Multiple URLs, one page

Duplicate content comes in different forms, but a major scenario is multiple URLs that point to the same page. This can come up for lots of reasons. An ecommerce site might allow various sort orders for a page (by lowest price, highest rated…), the marketing department might want tracking codes added to URLs for analytics. You could end up with 100 pages, but 10 URLs for each page. Suddenly search engines have to sort  through 1,000 URLs.

This can be a problem for a couple of reasons.

  • Less of the site may get crawled. Search engine crawlers use a limited amount of bandwidth on each site (based on numerous factors). If the crawler only is able to crawl 100 pages of your site in a single visit, you want it to be 100 unique pages, not 10 pages 10 times each.
  • Each page may not get full link credit. If a page has 10 URLs that point to it, then other sites can link to it 10 different ways.
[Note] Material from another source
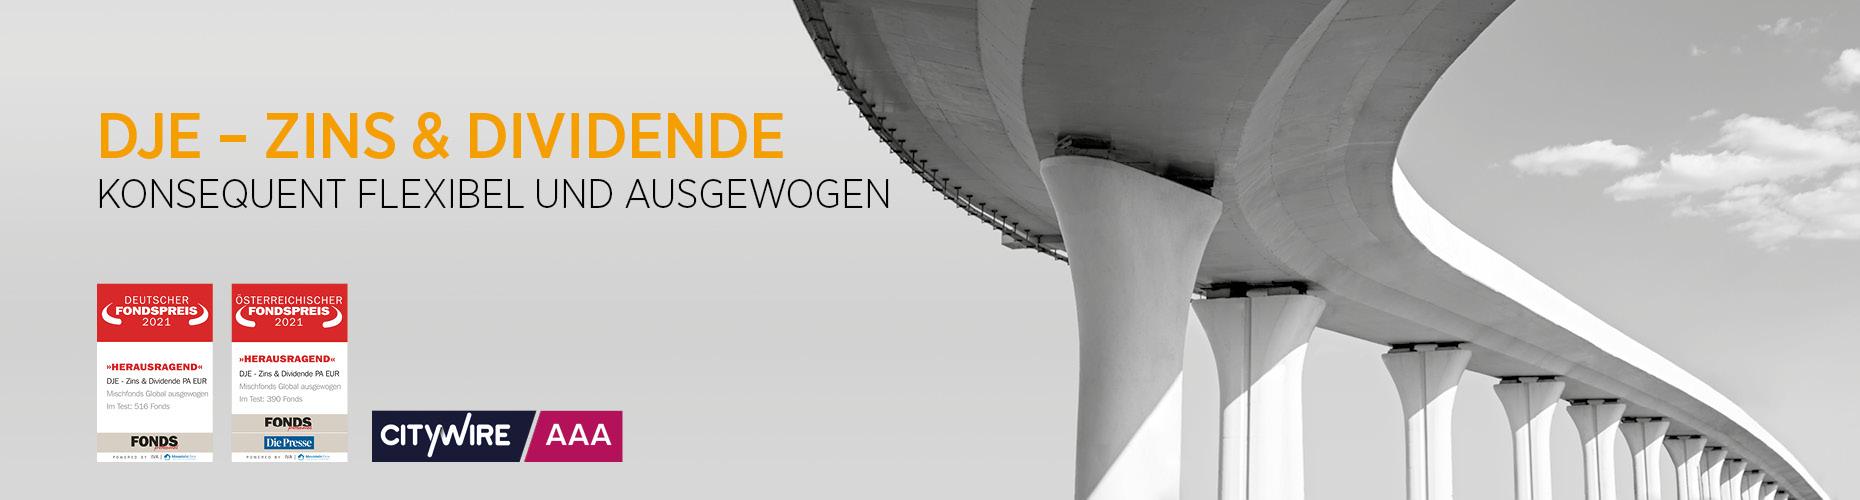 DJE_Zins_Dividende_Bruecke_WEB_1860 x 500 Pixel
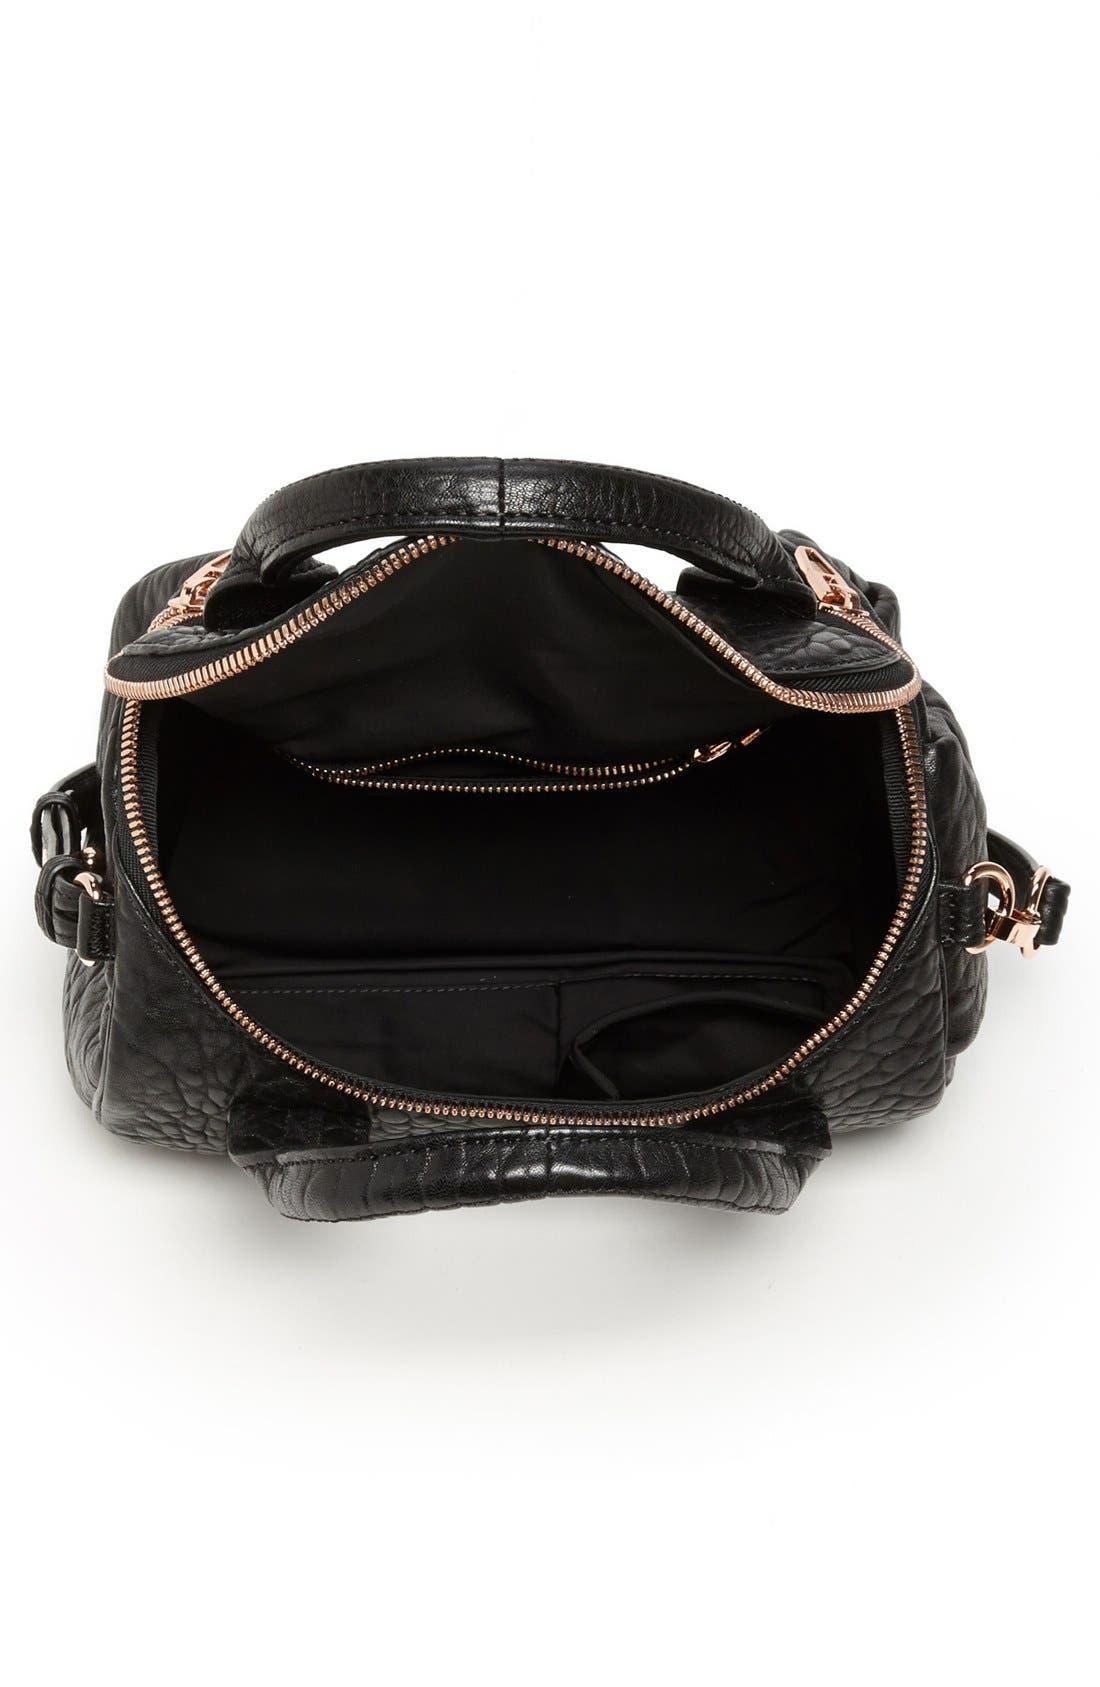 ALEXANDER WANG, 'Rockie - Rose Gold' Leather Crossbody Satchel, Alternate thumbnail 3, color, BLACK ROSE GLD HRDWRE

One link to each URL dilutes the value  the page could have if all 10 links pointed to a single URL.

Using the new canonical tag

Specify the canonical version using a tag in the head section of the page as follows:

<link rel="canonical" href="http://www.example.com/product.php?item=swedish-fish"/>

That’s it!

  • You can only use the tag on pages within a single site (subdomains and subfolders are fine).
  • You can use relative or absolute links, but the search engines recommend absolute links.

This tag will operate in a similar way to a 301 redirect for all URLs that display the page with this tag.

  • Links to all URLs will be consolidated to the one specified as canonical.
  • Search engines will consider this URL a “strong hint” as to the one to crawl and index.

Canonical URL best practices

The search engines use this as a hint, not as a directive, (Google calls it a “suggestion that we honor strongly”) but are more likely to use  it if the URLs use best practices, such as:

  • The  content rendered for each URL is very similar or exact
  • The canonical URL is the shortest version
  • The URL uses easy to understand parameter patterns (such as using ? and %)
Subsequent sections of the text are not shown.